** Opening SUPPLIED RECORDS block **
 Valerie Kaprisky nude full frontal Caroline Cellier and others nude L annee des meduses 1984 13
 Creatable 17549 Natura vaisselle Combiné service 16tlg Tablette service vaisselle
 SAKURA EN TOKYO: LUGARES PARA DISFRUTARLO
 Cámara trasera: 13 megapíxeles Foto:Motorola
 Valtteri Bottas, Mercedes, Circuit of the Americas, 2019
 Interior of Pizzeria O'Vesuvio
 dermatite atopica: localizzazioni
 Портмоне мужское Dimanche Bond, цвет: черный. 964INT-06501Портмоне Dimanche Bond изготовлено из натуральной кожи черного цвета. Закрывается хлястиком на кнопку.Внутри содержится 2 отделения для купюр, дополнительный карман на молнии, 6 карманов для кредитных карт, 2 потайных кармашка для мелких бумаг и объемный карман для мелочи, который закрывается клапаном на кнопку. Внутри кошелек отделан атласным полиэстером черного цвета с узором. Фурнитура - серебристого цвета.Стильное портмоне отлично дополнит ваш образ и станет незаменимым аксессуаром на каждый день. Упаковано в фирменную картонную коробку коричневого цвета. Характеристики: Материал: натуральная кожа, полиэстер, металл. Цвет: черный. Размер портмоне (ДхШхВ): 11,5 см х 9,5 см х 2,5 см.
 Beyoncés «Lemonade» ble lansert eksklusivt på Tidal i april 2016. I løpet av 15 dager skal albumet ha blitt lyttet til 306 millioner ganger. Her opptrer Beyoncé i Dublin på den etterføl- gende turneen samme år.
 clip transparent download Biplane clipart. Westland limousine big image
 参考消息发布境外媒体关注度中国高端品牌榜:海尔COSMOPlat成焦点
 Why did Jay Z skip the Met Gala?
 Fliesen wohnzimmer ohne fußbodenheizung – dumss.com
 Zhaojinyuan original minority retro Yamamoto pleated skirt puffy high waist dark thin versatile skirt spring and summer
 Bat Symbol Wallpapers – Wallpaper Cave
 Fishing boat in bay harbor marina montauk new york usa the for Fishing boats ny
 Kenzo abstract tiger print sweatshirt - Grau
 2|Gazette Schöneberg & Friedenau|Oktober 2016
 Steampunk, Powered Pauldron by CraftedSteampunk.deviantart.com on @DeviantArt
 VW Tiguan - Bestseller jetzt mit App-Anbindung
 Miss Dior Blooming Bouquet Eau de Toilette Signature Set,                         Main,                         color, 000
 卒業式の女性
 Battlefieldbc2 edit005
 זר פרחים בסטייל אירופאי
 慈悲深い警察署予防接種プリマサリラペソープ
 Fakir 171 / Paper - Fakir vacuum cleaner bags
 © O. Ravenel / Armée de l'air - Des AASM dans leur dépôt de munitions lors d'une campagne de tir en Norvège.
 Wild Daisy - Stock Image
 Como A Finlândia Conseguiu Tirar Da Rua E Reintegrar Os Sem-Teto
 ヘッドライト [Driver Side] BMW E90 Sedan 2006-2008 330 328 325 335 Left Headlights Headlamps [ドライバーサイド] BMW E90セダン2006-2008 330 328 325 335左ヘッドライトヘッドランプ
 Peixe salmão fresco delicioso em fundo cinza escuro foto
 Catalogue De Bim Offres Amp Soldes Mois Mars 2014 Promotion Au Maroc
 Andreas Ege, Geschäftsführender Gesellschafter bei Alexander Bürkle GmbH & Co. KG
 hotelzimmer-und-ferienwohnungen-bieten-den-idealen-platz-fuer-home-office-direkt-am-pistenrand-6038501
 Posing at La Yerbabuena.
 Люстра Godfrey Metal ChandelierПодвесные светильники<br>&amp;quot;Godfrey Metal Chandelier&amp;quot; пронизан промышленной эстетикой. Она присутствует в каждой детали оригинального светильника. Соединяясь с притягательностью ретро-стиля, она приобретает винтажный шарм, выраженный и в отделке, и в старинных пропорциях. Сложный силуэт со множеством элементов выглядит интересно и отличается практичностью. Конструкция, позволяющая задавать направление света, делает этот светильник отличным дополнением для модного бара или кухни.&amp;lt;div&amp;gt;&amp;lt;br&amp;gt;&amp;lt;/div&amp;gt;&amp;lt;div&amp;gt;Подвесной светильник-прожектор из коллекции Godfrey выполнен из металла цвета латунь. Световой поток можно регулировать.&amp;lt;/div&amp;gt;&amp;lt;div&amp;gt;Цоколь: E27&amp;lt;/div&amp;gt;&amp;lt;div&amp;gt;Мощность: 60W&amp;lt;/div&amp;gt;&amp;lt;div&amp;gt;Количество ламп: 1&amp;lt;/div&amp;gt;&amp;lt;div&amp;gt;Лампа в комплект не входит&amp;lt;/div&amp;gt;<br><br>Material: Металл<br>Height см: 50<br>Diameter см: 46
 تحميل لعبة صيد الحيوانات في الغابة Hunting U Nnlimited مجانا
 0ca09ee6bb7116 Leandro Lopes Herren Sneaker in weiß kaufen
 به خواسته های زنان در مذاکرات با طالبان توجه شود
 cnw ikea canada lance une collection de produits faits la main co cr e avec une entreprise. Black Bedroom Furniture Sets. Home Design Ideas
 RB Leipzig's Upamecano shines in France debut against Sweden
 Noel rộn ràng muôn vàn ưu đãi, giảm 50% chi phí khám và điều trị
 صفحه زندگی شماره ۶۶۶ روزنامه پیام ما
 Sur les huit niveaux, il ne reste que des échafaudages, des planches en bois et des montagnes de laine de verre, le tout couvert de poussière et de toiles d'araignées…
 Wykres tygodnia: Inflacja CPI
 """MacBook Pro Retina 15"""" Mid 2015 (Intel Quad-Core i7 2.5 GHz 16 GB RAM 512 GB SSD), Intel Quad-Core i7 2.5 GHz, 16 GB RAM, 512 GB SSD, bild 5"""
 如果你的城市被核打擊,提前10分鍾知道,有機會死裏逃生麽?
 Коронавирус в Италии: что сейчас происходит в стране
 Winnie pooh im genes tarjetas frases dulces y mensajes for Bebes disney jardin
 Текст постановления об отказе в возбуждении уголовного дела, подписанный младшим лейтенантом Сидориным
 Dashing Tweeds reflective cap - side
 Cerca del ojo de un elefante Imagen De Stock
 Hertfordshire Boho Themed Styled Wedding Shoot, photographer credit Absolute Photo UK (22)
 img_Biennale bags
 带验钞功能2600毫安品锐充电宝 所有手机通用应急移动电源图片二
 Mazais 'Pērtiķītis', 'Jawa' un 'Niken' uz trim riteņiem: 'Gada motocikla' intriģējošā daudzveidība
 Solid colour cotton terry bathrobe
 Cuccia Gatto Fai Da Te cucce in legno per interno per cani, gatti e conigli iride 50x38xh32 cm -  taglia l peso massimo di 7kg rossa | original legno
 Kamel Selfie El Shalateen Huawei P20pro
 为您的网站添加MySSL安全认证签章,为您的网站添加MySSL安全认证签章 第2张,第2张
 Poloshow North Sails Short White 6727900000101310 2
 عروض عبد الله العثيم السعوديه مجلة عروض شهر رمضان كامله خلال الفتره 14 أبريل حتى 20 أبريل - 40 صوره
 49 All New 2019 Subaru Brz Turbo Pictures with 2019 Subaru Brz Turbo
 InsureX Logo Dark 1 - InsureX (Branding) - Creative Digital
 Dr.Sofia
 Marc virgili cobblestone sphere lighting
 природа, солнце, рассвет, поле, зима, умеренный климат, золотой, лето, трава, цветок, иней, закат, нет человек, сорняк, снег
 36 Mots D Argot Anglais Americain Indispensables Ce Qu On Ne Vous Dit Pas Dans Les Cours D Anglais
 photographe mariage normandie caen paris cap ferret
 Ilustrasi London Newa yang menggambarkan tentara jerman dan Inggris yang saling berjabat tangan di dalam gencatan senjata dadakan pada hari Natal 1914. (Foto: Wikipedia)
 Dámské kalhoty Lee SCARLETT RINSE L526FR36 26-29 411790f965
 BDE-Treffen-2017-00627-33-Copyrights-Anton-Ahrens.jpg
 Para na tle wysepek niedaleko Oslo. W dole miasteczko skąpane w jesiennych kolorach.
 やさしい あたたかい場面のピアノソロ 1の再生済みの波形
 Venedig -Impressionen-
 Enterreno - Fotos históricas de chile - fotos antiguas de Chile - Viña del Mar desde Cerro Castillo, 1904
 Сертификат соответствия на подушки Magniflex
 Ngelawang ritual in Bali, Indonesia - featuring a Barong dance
** Closing SUPPLIED RECORDS block **
▸ **WHAT YOU ARE ASKED TO DO**:
Look above for the line with "参考消息发布境外媒体关注度中国高端品牌榜:海尔COSMOPlat成焦点" and the line with "2|Gazette Schöneberg &", and reproduce exactly those two lines plus every line between, nothing more.

▸ **RESULT OF THE EXERCISE**:
 参考消息发布境外媒体关注度中国高端品牌榜:海尔COSMOPlat成焦点
 Why did Jay Z skip the Met Gala?
 Fliesen wohnzimmer ohne fußbodenheizung – dumss.com
 Zhaojinyuan original minority retro Yamamoto pleated skirt puffy high waist dark thin versatile skirt spring and summer
 Bat Symbol Wallpapers – Wallpaper Cave
 Fishing boat in bay harbor marina montauk new york usa the for Fishing boats ny
 Kenzo abstract tiger print sweatshirt - Grau
 2|Gazette Schöneberg & Friedenau|Oktober 2016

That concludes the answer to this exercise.